Буквально в двух шагах от нас стояли крохотные одноэтажные домишки,
которые можно сейчас увидеть, наверное, только в фильме “Место встречи
изменить нельзя”. В одном из них, помню, даже держали корову.
- А любимые места в Москве у вас тогда были?
- В первую очередь, естественно, те, где я вырос. Кроме того, район
Андроникова монастыря, где сейчас музей Рублева, Бульварное кольцо,
Замоскворечье... Парадная и нарядная Тверская тоже характерное
московское место. Но, в принципе, то, что сейчас сделал с городом
Лужков, уже совершенно непоправимо. Никакому Кагановичу такое и не
снилось.
- То есть раньше было тише и красивее?
- Дело даже не в том, что тише. Москва оказалась вычеркнута из списка
мировых культурных памятников, потому что этих самых памятников в
столице почти не осталось. Это сплошной новодел, который ни в какие
реестры не вносится. Если Питер весь - город-музей, то в Москве остался
лишь центр, да и тот благополучно перестраивается.
Немного учебы
- Любили ли вы учиться?
- Не могу сказать, что мои школьные годы были необычно счастливыми.

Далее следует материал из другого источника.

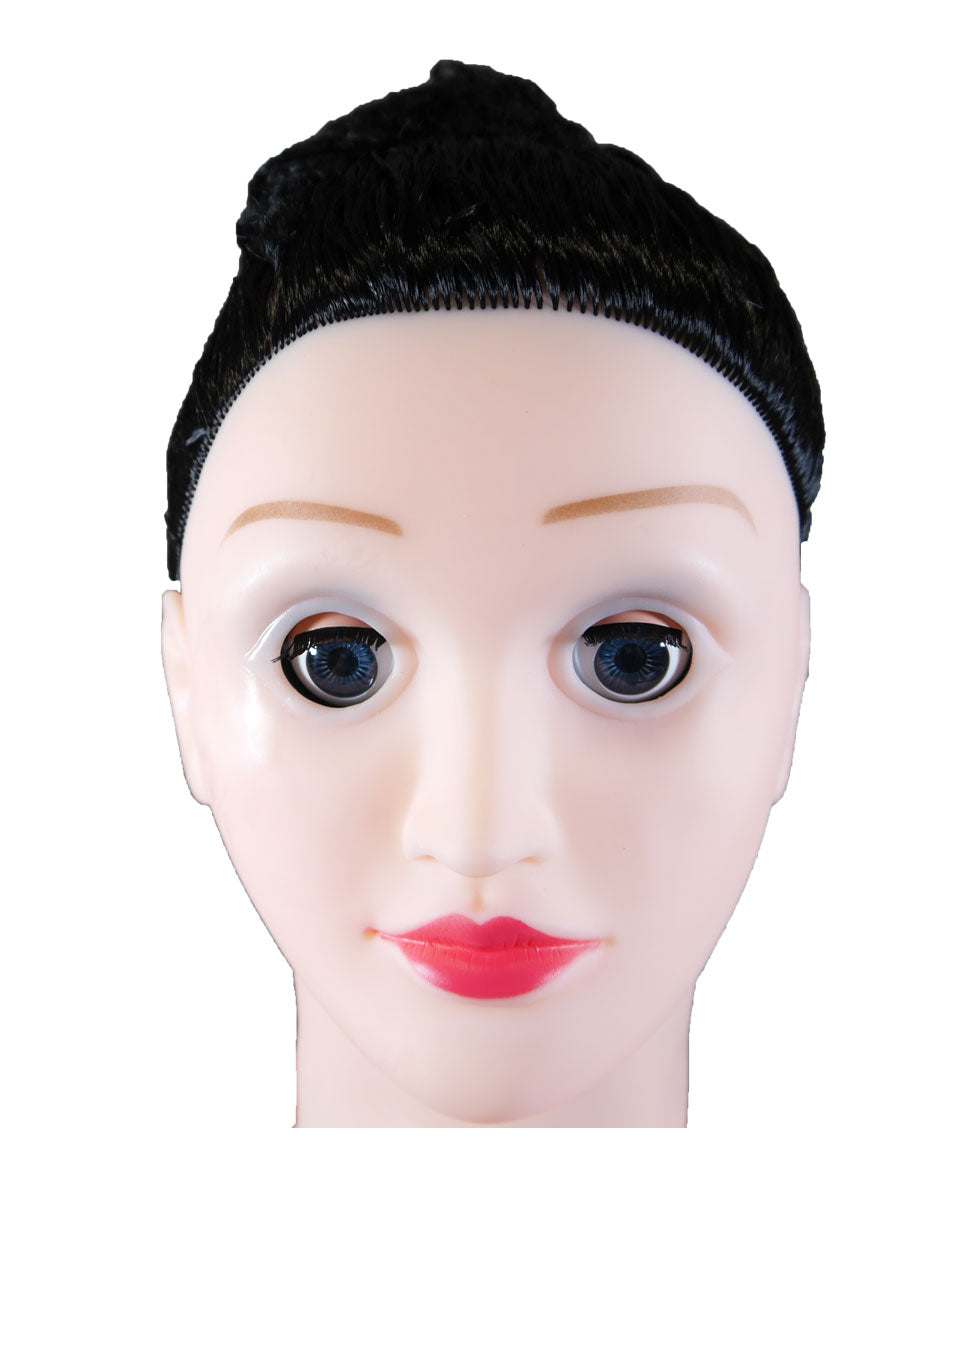 Bossoftoys Sindy Blowup doll with real face - 26-00020

Учиться я не любил тогда и не люблю до сих пор. Я сменил четыре школы и
нигде не ходил в отличниках. Были проблемы и с дисциплиной. В общем,
обычное советское детство.
- Но хоть какие-то любимые предметы были?

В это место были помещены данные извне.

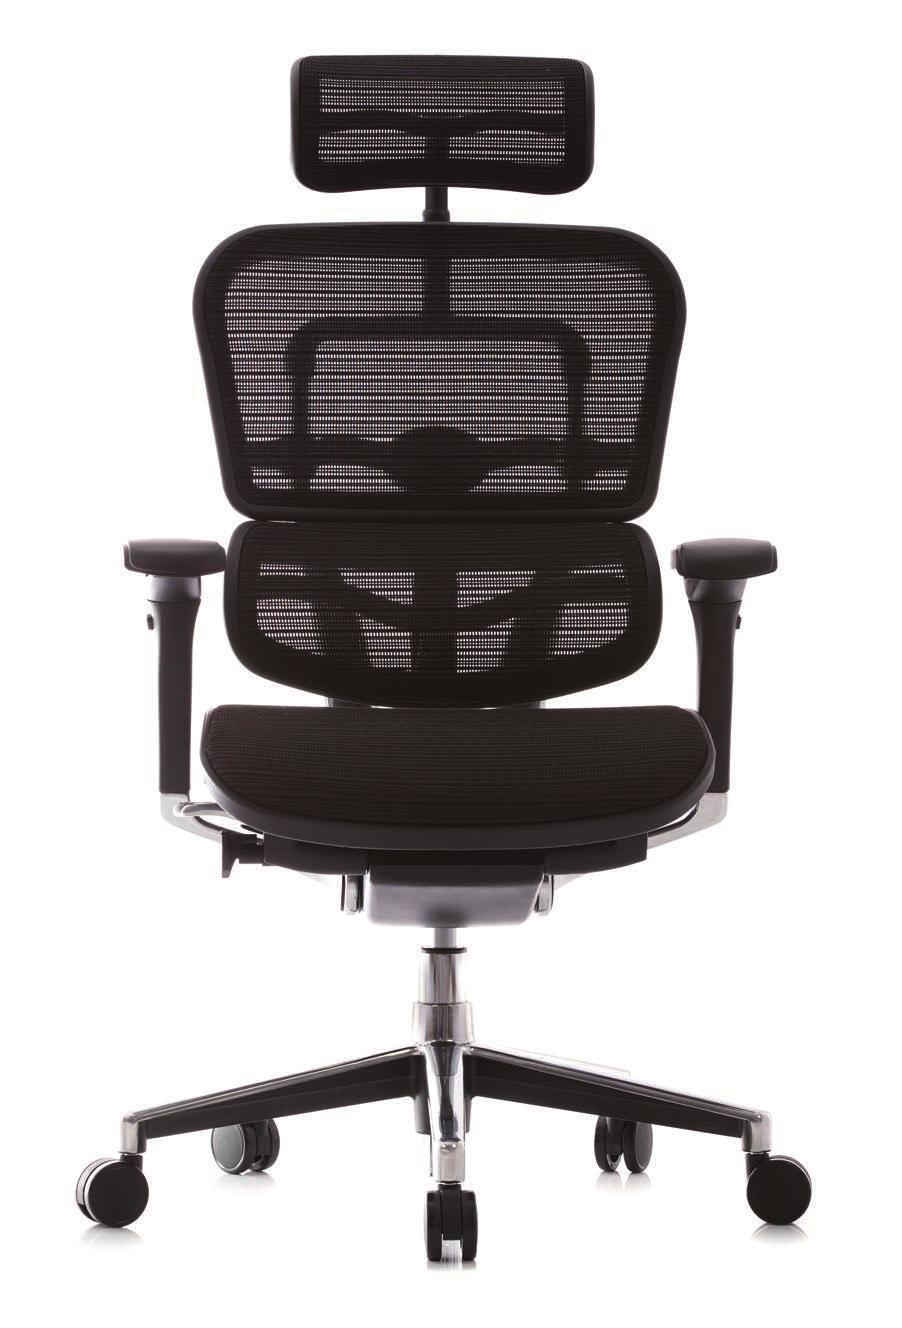 The Ergohuman has been designed specifically for those who are in an office chair for long periods of time and require "Intensive Use Seating" for comfort.

- Физкультура, пожалуй. Может быть, в какой-то степени история, потому
что родители были историками. Еще, непонятно с каких дел, мне нравилась
тригонометрия. А преподаватели литературы, кроме, пожалуй, одного,
делали все, чтобы отбить любовь к своему предмету. Материал излагался
страшно казенно и совершенно невыразительно. Книги я полюбил лишь
потому, что много читал с раннего детства.
- А какие из раннего детства вспоминаются?
- Они и сегодня входят в число самых любимых. “Остров сокровищ” и “Три
мушкетера”. Хотя с тех пор прочел немало, эти до сих пор стоят на моей
золотой полке. По-настоящему классная литература, не детская, а
абсолютная универсальная.
- Почему вы выбрали именно ленинградский институт?
- Поступил я с подачи моей бабушки, которая выудила в газете объявление
о наборе на заочное отделение Ленинградского института киноинженеров.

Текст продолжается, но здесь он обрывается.